For the entries below, the expected answer is the line with "Strawberry Shortcake Grilled", the line with "Molteni Modelo 55", and every line between them, exactly as written, and nothing more.

Start of Provided entries

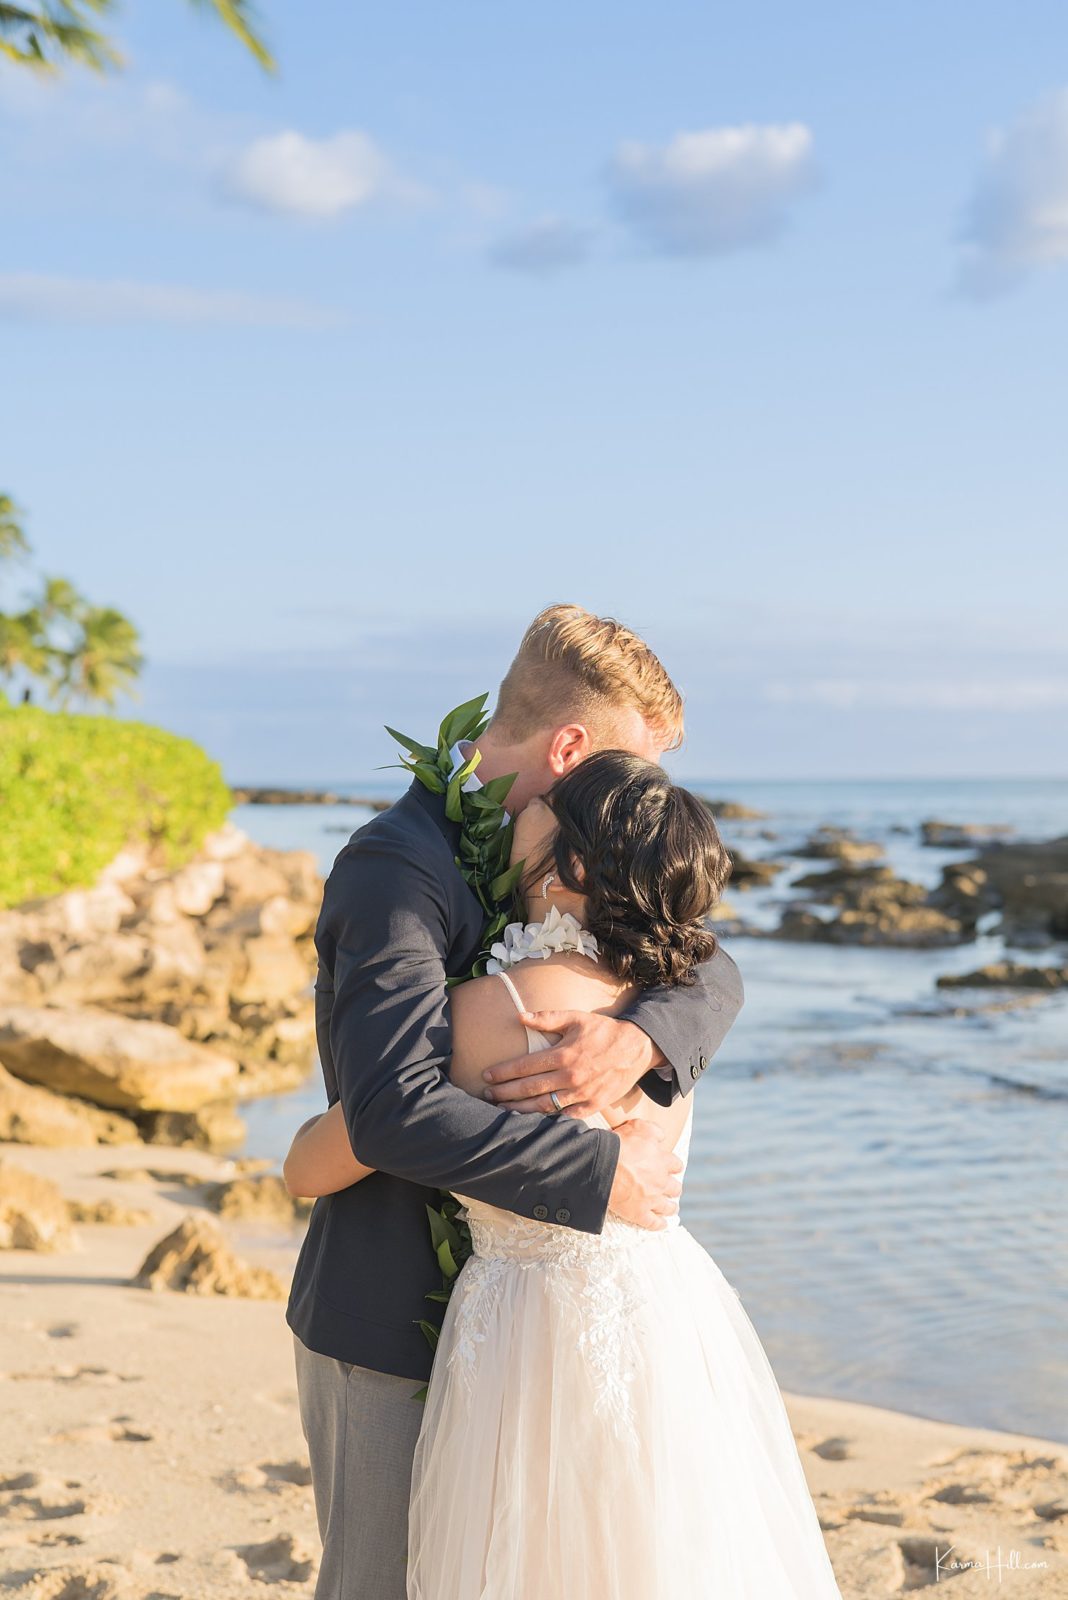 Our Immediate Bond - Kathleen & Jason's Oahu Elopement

End of Provided entries
Start of Provided entries

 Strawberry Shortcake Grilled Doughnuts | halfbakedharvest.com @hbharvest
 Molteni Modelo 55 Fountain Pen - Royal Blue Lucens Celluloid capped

End of Provided entries

**Solved exercise:**
 Strawberry Shortcake Grilled Doughnuts | halfbakedharvest.com @hbharvest
 Molteni Modelo 55 Fountain Pen - Royal Blue Lucens Celluloid capped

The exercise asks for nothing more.